Segment Start: EXTRACTED RECORDS

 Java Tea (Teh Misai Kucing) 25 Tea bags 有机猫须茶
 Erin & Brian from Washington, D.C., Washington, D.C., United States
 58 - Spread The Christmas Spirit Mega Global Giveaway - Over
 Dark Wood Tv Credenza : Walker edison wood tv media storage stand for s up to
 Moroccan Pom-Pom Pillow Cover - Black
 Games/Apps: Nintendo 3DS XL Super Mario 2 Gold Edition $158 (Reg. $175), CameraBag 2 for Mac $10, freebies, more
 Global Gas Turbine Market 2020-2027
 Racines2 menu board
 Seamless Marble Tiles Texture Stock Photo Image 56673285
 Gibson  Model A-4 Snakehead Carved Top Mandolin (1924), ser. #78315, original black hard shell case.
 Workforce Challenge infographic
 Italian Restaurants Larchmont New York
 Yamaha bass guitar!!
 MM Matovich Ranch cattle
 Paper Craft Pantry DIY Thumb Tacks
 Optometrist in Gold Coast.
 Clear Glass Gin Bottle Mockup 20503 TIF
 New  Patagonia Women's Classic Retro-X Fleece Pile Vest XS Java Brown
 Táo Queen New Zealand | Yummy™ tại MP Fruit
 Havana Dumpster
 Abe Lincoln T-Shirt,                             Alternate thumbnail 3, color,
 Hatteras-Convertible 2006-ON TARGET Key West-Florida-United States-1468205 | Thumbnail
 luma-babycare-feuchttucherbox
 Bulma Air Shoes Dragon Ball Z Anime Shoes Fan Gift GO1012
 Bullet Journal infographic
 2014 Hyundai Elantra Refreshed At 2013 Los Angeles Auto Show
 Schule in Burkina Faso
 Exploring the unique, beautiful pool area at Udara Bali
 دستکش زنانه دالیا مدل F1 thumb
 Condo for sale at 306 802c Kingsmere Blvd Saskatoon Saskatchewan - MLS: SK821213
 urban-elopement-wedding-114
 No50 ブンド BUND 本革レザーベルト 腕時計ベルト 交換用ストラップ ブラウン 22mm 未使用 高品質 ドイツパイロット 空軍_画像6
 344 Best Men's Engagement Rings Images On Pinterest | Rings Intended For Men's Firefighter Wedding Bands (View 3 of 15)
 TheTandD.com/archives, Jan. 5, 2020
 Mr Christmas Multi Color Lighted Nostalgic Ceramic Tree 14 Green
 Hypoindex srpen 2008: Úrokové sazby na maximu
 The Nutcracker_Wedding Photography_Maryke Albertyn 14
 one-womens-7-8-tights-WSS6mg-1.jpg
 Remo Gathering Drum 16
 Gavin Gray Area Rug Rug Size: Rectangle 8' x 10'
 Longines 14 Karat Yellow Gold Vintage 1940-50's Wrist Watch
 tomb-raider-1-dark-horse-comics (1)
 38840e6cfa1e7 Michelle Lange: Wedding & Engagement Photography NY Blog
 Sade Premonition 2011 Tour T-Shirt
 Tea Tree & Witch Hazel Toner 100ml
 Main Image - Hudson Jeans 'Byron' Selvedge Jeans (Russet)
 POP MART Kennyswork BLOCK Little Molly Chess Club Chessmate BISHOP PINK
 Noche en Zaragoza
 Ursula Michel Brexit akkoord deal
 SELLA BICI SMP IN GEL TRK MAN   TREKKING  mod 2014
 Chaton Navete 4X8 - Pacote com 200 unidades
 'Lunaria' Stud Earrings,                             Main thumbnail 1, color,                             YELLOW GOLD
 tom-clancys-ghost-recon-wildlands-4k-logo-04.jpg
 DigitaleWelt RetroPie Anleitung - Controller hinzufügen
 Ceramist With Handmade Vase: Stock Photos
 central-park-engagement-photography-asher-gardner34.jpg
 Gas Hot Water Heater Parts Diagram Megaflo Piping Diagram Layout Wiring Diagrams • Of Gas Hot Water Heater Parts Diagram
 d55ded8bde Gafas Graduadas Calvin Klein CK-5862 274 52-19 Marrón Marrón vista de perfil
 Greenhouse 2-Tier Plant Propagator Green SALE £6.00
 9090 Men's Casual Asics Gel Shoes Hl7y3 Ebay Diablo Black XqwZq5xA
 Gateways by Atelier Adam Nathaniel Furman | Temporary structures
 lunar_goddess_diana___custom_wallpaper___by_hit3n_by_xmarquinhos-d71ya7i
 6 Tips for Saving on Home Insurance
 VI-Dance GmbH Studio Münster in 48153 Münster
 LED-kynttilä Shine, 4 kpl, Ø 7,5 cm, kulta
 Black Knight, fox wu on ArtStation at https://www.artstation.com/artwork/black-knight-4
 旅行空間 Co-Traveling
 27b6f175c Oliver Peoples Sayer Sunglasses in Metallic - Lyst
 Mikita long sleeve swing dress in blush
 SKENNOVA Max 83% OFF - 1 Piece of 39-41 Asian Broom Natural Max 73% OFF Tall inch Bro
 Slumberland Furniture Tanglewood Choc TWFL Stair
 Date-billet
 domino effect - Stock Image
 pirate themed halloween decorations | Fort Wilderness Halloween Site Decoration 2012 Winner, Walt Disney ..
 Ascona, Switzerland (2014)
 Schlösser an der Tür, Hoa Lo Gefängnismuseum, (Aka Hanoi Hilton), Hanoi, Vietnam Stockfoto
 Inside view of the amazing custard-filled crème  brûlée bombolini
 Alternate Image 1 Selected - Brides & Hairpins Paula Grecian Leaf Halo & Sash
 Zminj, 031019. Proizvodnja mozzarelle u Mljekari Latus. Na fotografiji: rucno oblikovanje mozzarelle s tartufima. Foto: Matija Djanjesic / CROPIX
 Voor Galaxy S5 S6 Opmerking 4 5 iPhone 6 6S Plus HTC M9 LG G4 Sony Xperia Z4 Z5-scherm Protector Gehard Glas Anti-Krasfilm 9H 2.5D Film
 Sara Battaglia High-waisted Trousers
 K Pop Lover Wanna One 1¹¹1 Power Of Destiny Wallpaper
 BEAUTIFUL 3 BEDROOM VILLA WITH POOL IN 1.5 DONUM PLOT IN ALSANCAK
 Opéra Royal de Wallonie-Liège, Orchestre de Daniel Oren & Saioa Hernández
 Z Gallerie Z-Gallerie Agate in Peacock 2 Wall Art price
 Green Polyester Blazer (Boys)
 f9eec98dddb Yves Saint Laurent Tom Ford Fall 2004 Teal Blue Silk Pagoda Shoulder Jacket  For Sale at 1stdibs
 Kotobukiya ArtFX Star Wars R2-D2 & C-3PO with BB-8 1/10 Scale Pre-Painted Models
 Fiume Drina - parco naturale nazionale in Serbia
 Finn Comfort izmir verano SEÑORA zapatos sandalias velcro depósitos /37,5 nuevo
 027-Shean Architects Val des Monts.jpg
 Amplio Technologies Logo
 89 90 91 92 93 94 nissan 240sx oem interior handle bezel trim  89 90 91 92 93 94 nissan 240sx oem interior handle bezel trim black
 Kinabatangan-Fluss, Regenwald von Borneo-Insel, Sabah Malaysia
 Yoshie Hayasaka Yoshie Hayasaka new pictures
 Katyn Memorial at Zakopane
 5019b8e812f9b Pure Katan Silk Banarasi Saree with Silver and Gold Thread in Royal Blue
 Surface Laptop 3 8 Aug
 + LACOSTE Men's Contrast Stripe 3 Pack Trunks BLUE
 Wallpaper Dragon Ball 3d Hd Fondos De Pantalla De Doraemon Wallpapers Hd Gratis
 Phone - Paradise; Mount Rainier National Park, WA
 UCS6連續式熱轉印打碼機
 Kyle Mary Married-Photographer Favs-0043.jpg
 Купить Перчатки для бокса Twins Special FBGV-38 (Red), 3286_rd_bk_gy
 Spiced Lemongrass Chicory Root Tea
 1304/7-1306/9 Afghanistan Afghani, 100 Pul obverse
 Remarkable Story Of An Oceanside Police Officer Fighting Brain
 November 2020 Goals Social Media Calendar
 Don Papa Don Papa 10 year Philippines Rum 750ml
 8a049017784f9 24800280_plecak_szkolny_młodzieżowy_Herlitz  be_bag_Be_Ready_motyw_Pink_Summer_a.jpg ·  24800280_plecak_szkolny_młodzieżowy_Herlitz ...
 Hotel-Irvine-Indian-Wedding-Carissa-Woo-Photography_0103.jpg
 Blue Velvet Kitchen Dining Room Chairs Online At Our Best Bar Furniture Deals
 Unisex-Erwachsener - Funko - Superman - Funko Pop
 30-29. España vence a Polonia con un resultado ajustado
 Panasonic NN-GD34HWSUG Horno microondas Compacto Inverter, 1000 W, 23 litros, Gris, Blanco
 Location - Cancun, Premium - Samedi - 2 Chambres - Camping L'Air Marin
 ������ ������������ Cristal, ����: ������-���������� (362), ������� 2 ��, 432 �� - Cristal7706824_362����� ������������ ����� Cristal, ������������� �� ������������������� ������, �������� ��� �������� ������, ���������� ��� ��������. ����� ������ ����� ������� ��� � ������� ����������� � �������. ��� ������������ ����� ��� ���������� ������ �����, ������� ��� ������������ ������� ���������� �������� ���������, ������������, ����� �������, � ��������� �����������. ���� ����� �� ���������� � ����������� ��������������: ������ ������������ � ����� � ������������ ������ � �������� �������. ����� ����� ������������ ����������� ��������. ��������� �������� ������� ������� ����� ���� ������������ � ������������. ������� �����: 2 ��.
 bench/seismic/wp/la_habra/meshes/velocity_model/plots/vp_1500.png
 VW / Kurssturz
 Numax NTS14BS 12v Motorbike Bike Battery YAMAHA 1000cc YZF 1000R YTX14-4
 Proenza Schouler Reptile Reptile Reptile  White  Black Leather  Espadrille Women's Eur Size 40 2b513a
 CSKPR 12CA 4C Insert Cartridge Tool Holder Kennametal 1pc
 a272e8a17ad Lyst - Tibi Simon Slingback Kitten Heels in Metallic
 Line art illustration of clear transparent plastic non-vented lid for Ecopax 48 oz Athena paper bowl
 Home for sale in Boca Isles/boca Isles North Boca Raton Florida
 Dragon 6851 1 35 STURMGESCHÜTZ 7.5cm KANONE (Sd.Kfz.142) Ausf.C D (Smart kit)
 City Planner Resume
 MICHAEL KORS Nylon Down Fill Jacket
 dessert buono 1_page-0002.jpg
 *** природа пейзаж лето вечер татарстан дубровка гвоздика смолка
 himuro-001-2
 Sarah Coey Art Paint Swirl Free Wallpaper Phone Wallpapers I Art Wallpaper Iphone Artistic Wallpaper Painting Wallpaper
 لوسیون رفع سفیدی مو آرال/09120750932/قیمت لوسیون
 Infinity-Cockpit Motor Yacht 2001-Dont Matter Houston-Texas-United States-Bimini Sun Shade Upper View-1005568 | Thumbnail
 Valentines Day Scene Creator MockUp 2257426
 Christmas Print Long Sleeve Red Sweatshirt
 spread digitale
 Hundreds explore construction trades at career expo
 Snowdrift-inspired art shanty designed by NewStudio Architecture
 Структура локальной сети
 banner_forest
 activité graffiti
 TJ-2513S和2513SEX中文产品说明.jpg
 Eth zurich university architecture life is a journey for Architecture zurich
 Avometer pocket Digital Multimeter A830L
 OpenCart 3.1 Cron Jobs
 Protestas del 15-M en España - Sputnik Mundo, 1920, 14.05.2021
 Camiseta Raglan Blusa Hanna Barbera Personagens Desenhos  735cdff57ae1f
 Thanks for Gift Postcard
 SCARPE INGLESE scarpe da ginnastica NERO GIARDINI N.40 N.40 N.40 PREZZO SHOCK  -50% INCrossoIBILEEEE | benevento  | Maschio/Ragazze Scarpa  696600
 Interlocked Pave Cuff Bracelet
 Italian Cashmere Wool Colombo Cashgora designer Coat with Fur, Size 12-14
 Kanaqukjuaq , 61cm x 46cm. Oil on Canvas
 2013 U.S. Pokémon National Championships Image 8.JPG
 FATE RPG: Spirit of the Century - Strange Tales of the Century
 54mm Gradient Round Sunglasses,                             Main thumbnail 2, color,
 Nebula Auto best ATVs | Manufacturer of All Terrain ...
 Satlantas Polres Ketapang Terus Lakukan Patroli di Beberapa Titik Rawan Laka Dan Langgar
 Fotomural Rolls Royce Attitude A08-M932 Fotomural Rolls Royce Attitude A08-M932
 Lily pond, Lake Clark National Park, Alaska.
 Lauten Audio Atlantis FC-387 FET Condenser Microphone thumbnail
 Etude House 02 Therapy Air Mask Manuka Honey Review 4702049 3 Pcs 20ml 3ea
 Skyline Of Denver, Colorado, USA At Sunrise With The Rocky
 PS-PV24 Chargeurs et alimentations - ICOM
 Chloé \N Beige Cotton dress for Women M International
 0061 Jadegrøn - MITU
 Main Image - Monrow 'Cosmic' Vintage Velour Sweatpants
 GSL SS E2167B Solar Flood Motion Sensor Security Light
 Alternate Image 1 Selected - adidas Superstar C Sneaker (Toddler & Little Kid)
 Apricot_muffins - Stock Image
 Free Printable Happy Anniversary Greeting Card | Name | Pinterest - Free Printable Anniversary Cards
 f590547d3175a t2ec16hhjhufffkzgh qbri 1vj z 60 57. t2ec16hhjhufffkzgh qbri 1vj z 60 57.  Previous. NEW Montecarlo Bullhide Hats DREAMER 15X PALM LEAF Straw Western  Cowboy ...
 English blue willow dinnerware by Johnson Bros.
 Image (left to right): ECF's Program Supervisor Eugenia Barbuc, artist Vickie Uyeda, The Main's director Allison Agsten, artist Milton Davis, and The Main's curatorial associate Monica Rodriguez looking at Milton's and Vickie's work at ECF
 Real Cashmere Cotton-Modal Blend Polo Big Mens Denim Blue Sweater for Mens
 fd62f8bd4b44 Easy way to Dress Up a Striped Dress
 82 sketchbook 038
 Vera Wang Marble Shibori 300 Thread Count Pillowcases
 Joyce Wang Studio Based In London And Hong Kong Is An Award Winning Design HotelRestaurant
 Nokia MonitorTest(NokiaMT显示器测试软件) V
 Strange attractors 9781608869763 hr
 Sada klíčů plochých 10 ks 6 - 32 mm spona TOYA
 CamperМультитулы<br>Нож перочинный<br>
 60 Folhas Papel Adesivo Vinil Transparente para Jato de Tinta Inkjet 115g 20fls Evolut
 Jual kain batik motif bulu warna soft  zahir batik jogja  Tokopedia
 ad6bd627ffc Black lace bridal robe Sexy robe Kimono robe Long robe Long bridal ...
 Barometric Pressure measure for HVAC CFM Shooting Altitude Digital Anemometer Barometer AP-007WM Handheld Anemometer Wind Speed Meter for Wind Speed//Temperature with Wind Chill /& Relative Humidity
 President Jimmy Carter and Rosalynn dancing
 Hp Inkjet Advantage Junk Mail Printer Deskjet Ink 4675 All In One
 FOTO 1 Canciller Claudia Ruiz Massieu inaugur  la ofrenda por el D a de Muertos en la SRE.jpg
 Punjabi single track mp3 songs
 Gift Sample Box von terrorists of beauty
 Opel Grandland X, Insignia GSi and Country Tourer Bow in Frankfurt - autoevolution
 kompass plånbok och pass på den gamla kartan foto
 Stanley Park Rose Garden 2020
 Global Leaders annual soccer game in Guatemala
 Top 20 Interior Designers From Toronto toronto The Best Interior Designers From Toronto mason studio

Segment End: EXTRACTED RECORDS

Of all the entries above, output exactly the lines between the one holding "دستکش زنانه دالیا مدل F1 thumb" and the one holding "Sade Premonition 2011 Tour T-Shirt", inclusive.

ANSWER FOR THIS EXERCISE -
 دستکش زنانه دالیا مدل F1 thumb
 Condo for sale at 306 802c Kingsmere Blvd Saskatoon Saskatchewan - MLS: SK821213
 urban-elopement-wedding-114
 No50 ブンド BUND 本革レザーベルト 腕時計ベルト 交換用ストラップ ブラウン 22mm 未使用 高品質 ドイツパイロット 空軍_画像6
 344 Best Men's Engagement Rings Images On Pinterest | Rings Intended For Men's Firefighter Wedding Bands (View 3 of 15)
 TheTandD.com/archives, Jan. 5, 2020
 Mr Christmas Multi Color Lighted Nostalgic Ceramic Tree 14 Green
 Hypoindex srpen 2008: Úrokové sazby na maximu
 The Nutcracker_Wedding Photography_Maryke Albertyn 14
 one-womens-7-8-tights-WSS6mg-1.jpg
 Remo Gathering Drum 16
 Gavin Gray Area Rug Rug Size: Rectangle 8' x 10'
 Longines 14 Karat Yellow Gold Vintage 1940-50's Wrist Watch
 tomb-raider-1-dark-horse-comics (1)
 38840e6cfa1e7 Michelle Lange: Wedding & Engagement Photography NY Blog
 Sade Premonition 2011 Tour T-Shirt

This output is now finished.